▶ PROBLEM
No pictures should appear in the copy. Reproduce exactly the lines from the one containing "Ireland Coin Keychain" through the end of the material below.

=== SUPPLIED DATA ===

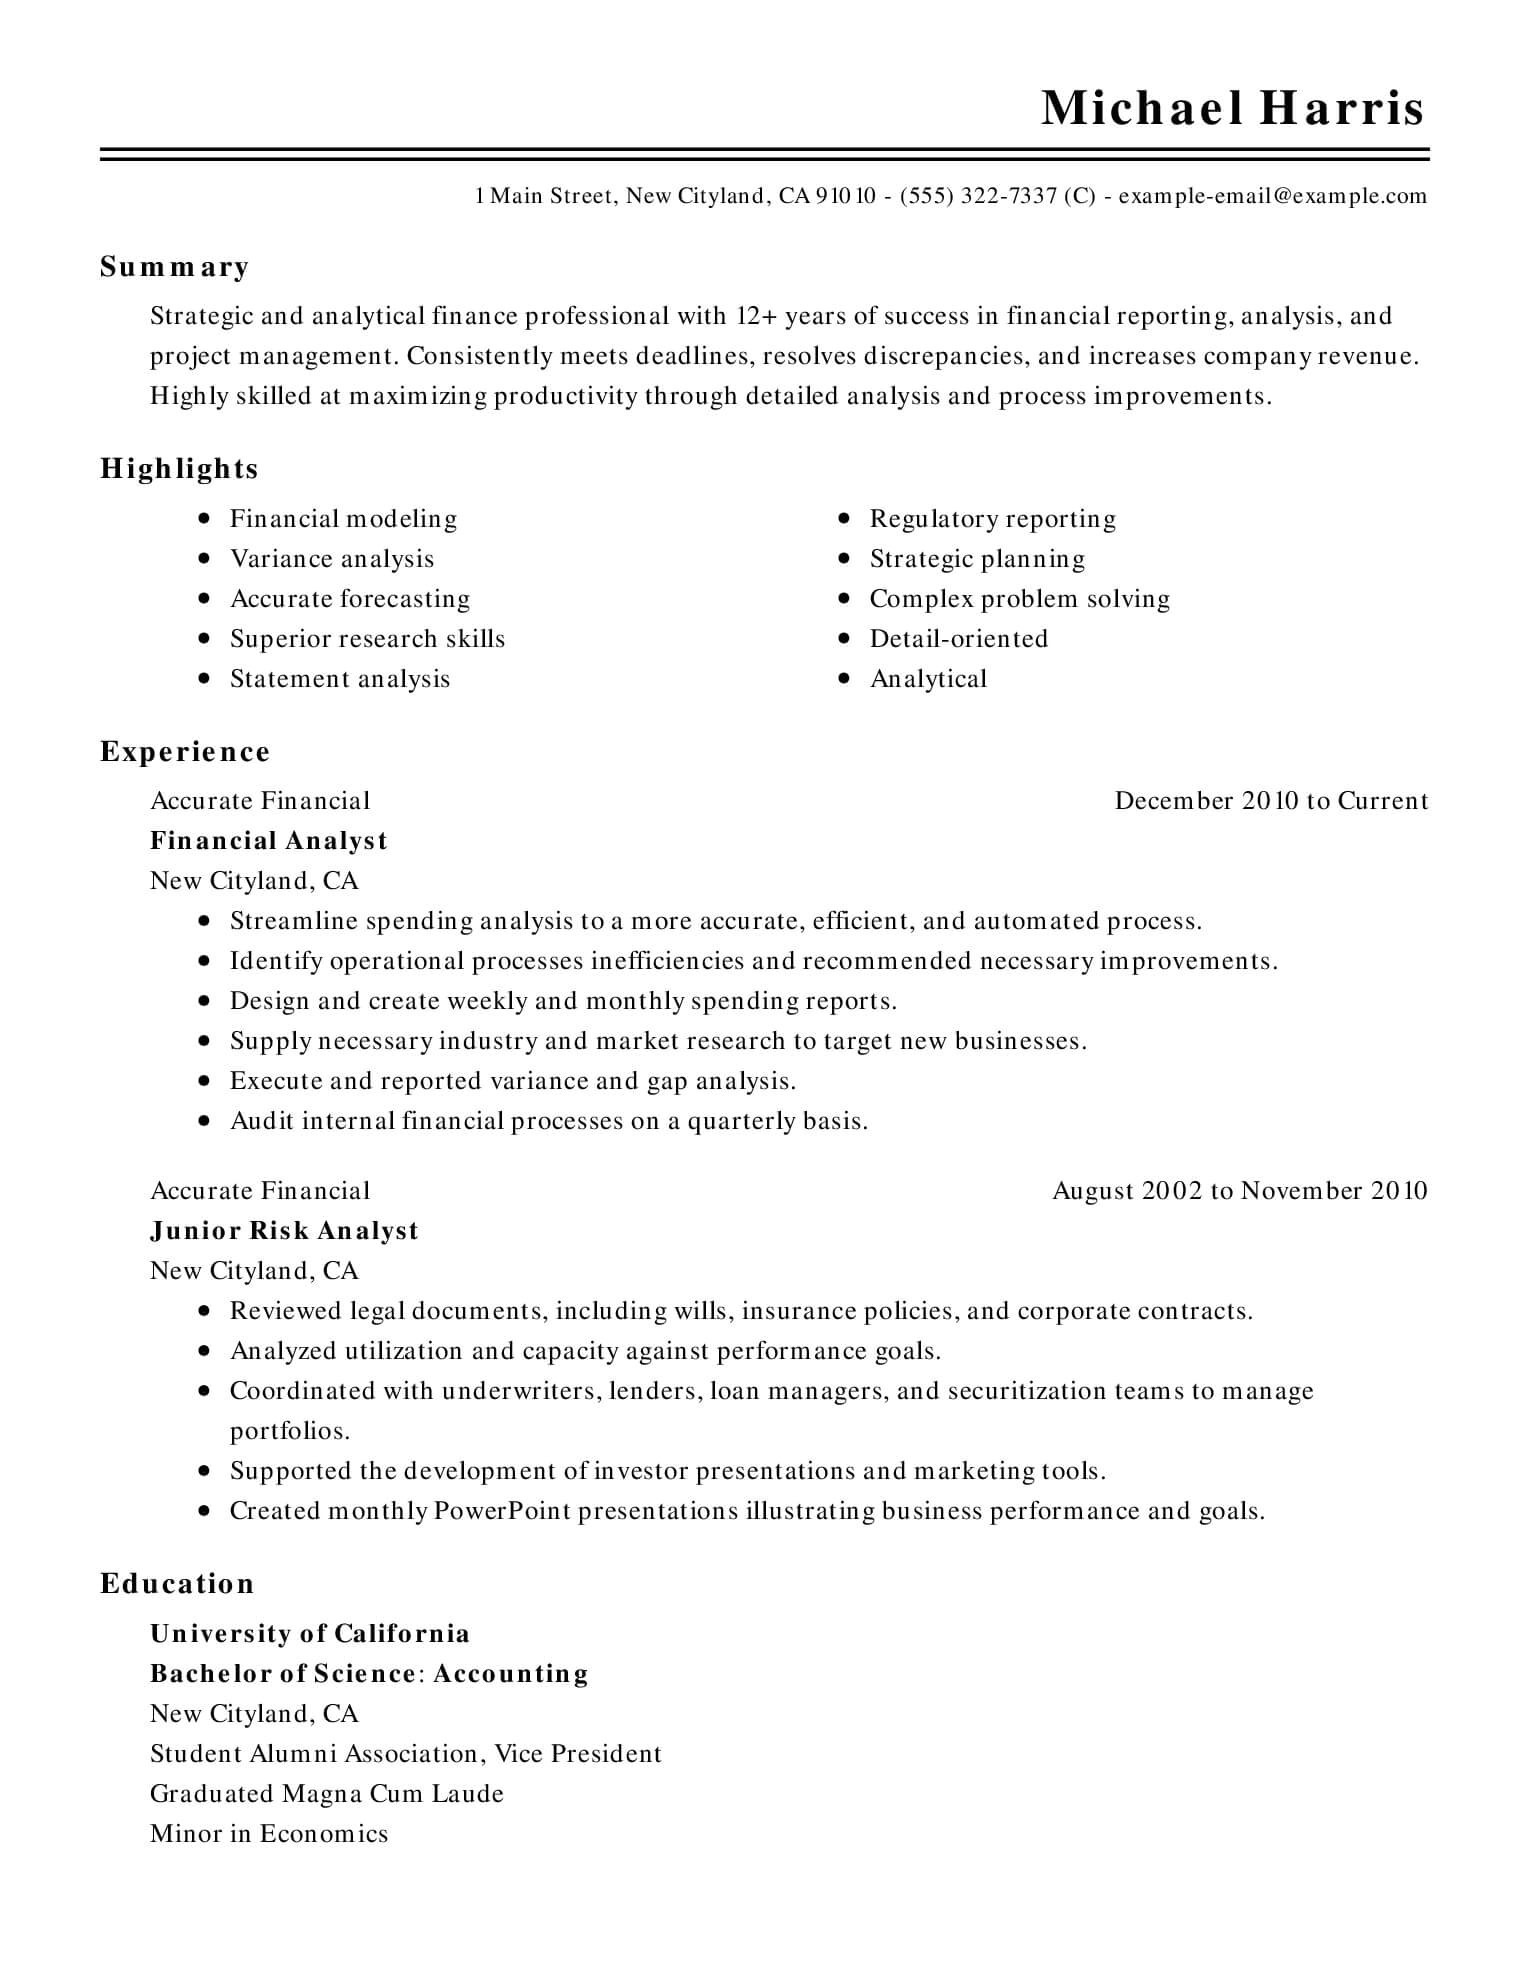 Sample Resume Download In Ms Word Resume for Job Interview Ms Word
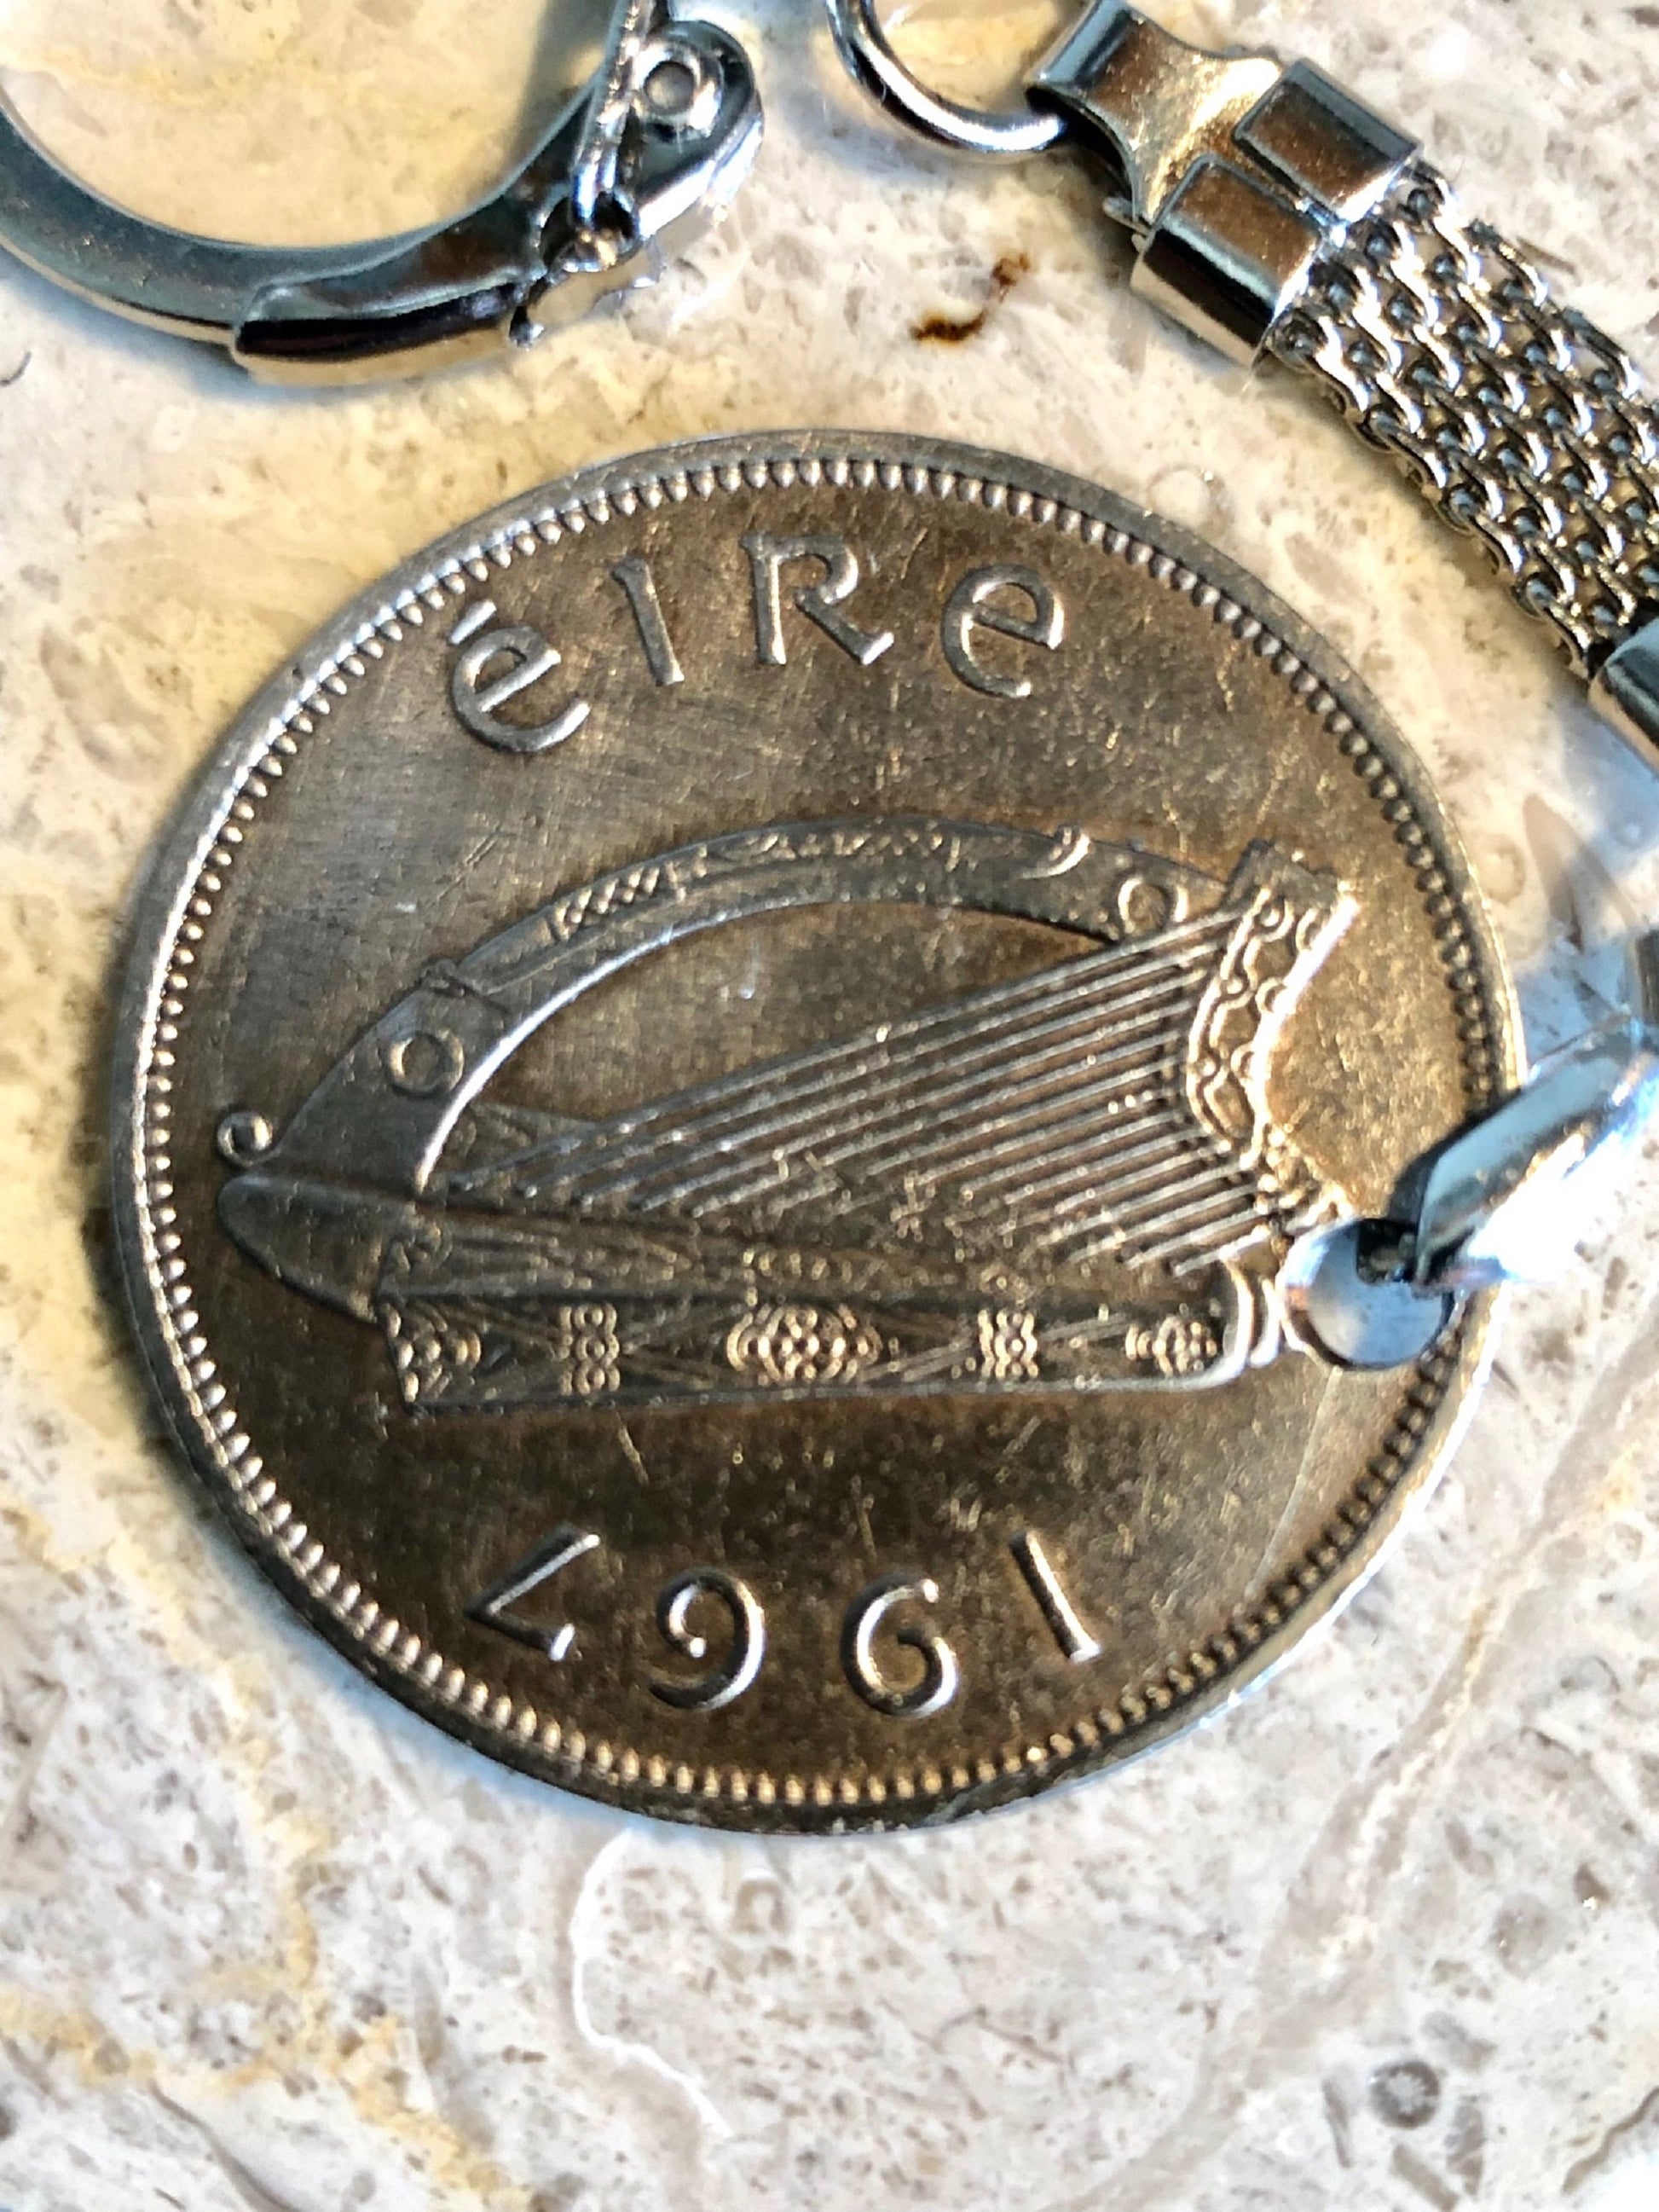 Ireland Coin Keychain Irish Half Crown Lear Harp Rare Find Celtic Vintage Antique Finished By Hand Personal & Limited Supply -
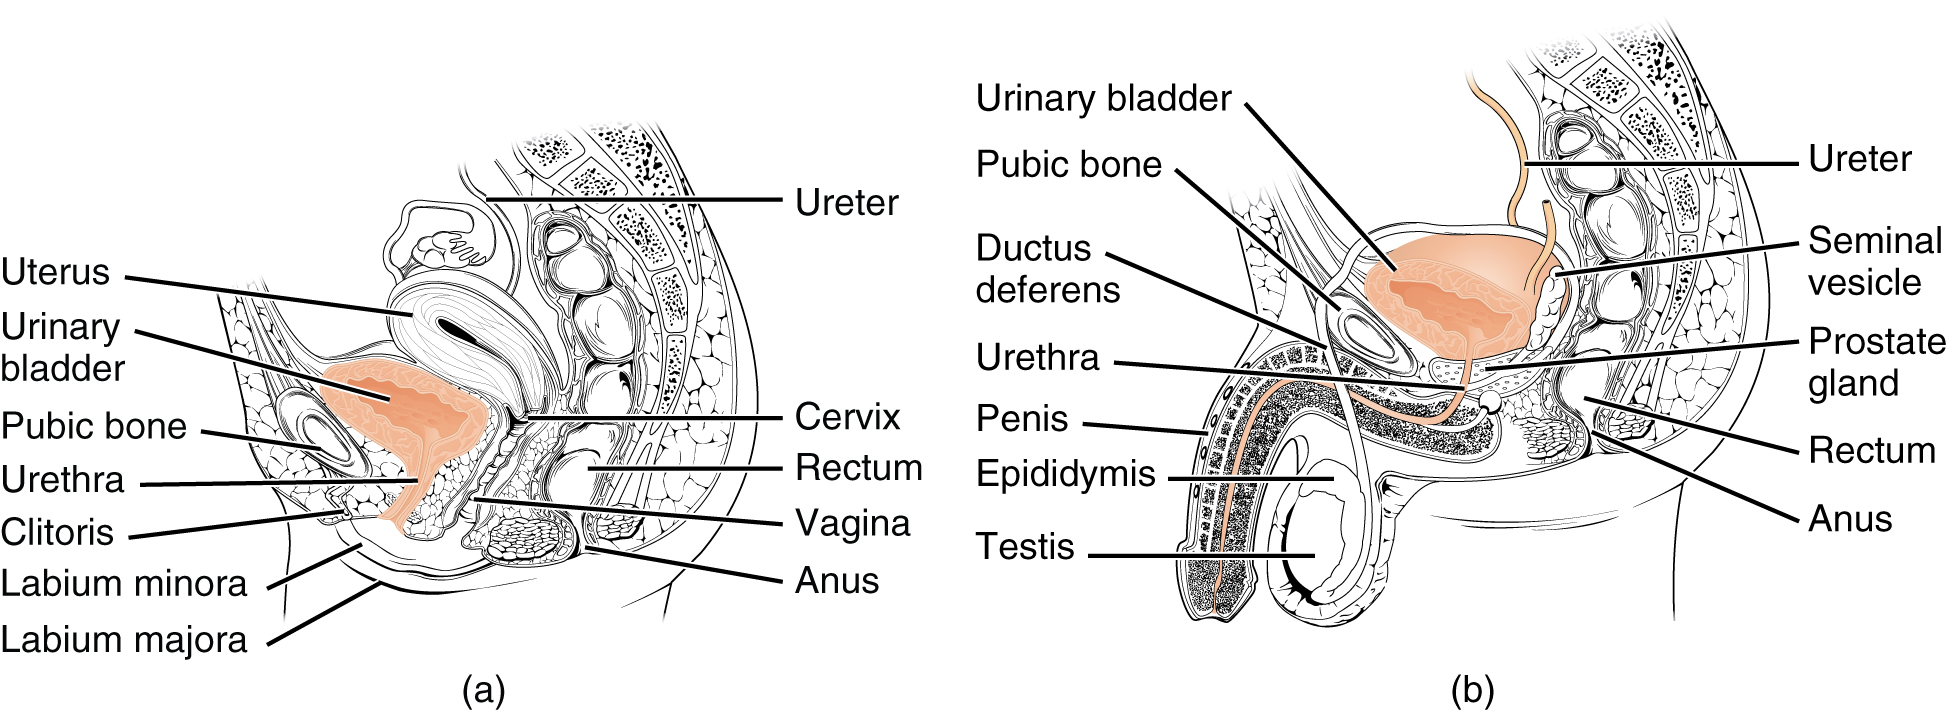 Diagrams of the (a) female and (b) male genitalia highlighting the respective urethras.

===

▶ SOLUTION TO THE EXERCISE
 Ireland Coin Keychain Irish Half Crown Lear Harp Rare Find Celtic Vintage Antique Finished By Hand Personal & Limited Supply -
 Diagrams of the (a) female and (b) male genitalia highlighting the respective urethras.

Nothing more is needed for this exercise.